Должно быть, Фрося – ниспосланное ему свыше спасение, думал он, проводя дни в полубреду. Вечерами его навещал Самойлович и делился новостями и городскими сплетнями.
– Говорят, Иду пригласил в свою балетную труппу сам Дягилев, – доверительно сообщил он Оленину. – Ей дали роль Зобеиды. Они ставят «Шехерезаду», чтобы повезти спектакль во Францию. Я слышал, во время репетиций Ида так вдохновляет участников, что мнимая оргия вот-вот разрешится настоящей. Одалиски и рабы чуть ли не совокупляются, подстегиваемые эротическими флюидами мадам Рубинштейн. Эта женщина – прожорлива, как языческая богиня Любви. Смотришь – и чувствуешь, как она заглатывает тебя с потрохами… а ты счастлив быть жертвой и содрогаешься в любовной агонии на ее дьявольском алтаре…
Самойлович хохотал, довольный произведенным впечатлением. Оленин же задыхался, молча кусал губы и отводил глаза. Боялся выдать свое отчаяние. Неужели Ида уедет в Париж? Бросит Петербург, светское общество, которое рукоплескало ей и охотно перемывало кости… будет блистать на парижской сцене…
«Я поеду за ней, – решился граф. – Поеду, чего бы мне это ни стоило! Черт с ними, с деньгами. Раздобуду где-нибудь. Опять заложу имение. Или сяду играть. Самойлович же выигрывает. Почему бы и мне не попытать счастья?»
В тот же вечер он застал Фросю в бельевой. Та усердно гладила платья хозяйки, когда в дверь заглянул Оленин. В каморке пахло углями и распаренной тканью.
– Ой, напугали, ваше сиятельство… – зарделась служанка.
– У меня к тебе дело. Нужно примерить пару вещей…
– Каких?
– Иди за мной, Ефросинья, – строго распорядился граф.
Горничная отставила в сторону утюг и послушно последовала за ним. Оленин привел ее в кабинет и указал на шаровары и тюрбан с пером.
– Вот наряд для домашнего спектакля. Мне нужно проверить, как сидит. По размеру ли сшили? Примерь-ка…
– Дак это ж… бесовская одежа! – всплеснула руками девушка. – Не буду я…
Она заупрямилась, граф принялся ее уламывать:
– Ты с хозяином не спорь, не то уволю и другую найму. Нынче прислугу многие рассчитывают. Вместо тебя любая согласится за такое жалованье пустяк какой-нибудь услужить. Разве я что-то особенное прошу? Просто примерить театральный костюм…

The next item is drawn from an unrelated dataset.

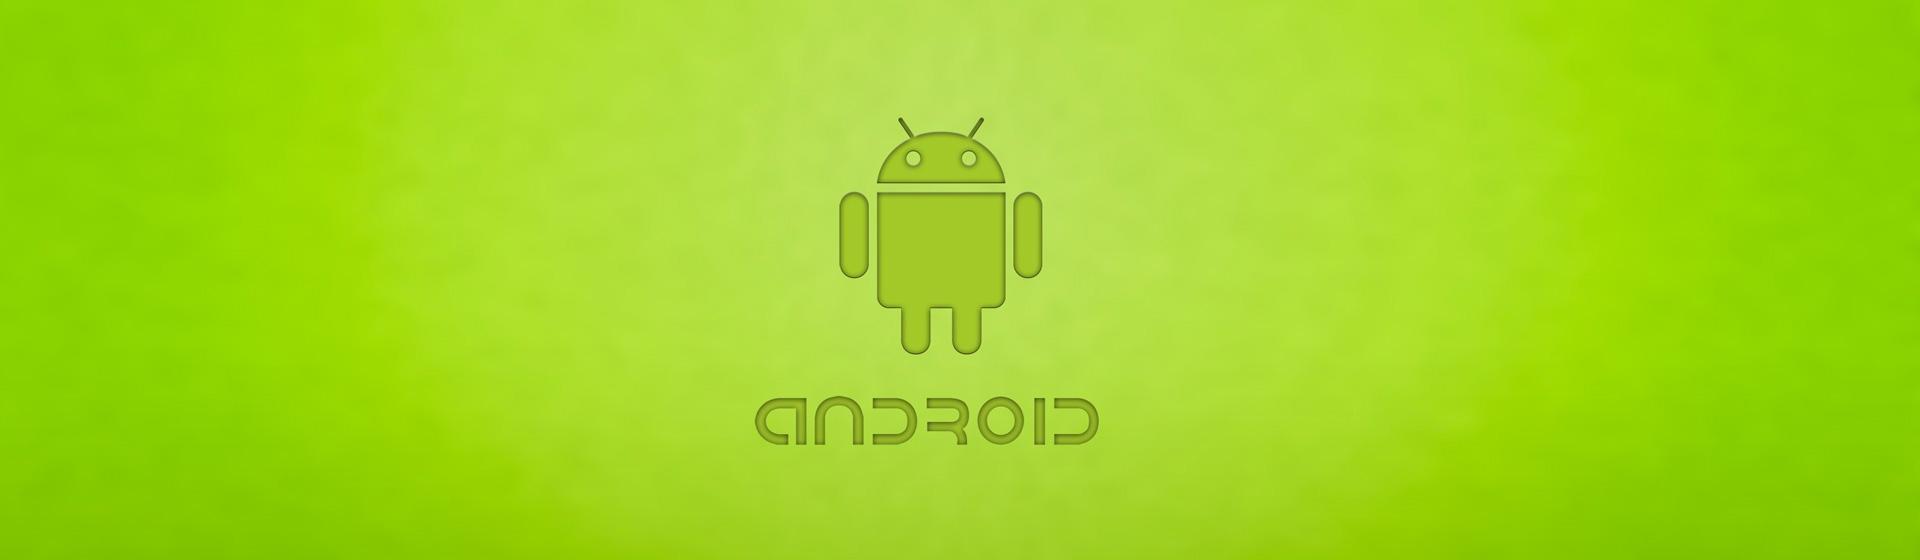 Corsi sviluppo Android

Фрося сдалась не сразу. Граф сунул ей в кармашек фартука две ассигнации, после чего она выдавила:
– Ладно, барин… только вы отвернитесь… или выйдите…
– Вот еще! Ты меня из собственного кабинета гонишь? Зайди за ширмы… Оденешься – скажешь.
Горничная юркнула за ширмы. Графу была видна ее голова и руки, когда она поднимала их, снимая платье и нижнюю сорочку. Он представил себе, какая она без одежды – тонкая, с нежной девичьей грудью и длинными белыми ногами… и его сердце быстро забилось. Если распустить ей косы и посыпать лицо густым слоем пудры… получится почти Ида. Хотя Фрося ростом не вышла и лоску никакого. Пахнет потом и щелоком, кожа на руках шершавая, рот обветренный. Никаких манер, шику. Девка и девка, прислуга…
– Барин! – крикнула она из-за ширмы. – Штаны насквозь светятся… и грудь прикрыть нечем. Я свой лиф оставлю…
– Так и быть, – согласился Оленин. – Готово, что ль? Выходи…
Между тем графиня Оленина сидела за столом в светлой, жарко натопленной гостиной родителей. Ужинали по-домашнему, своей семьей. Пили чай из самовара.
– Я велела кухарке твои любимые пирожки испечь, – улыбалась мать. – С вишневым вареньем.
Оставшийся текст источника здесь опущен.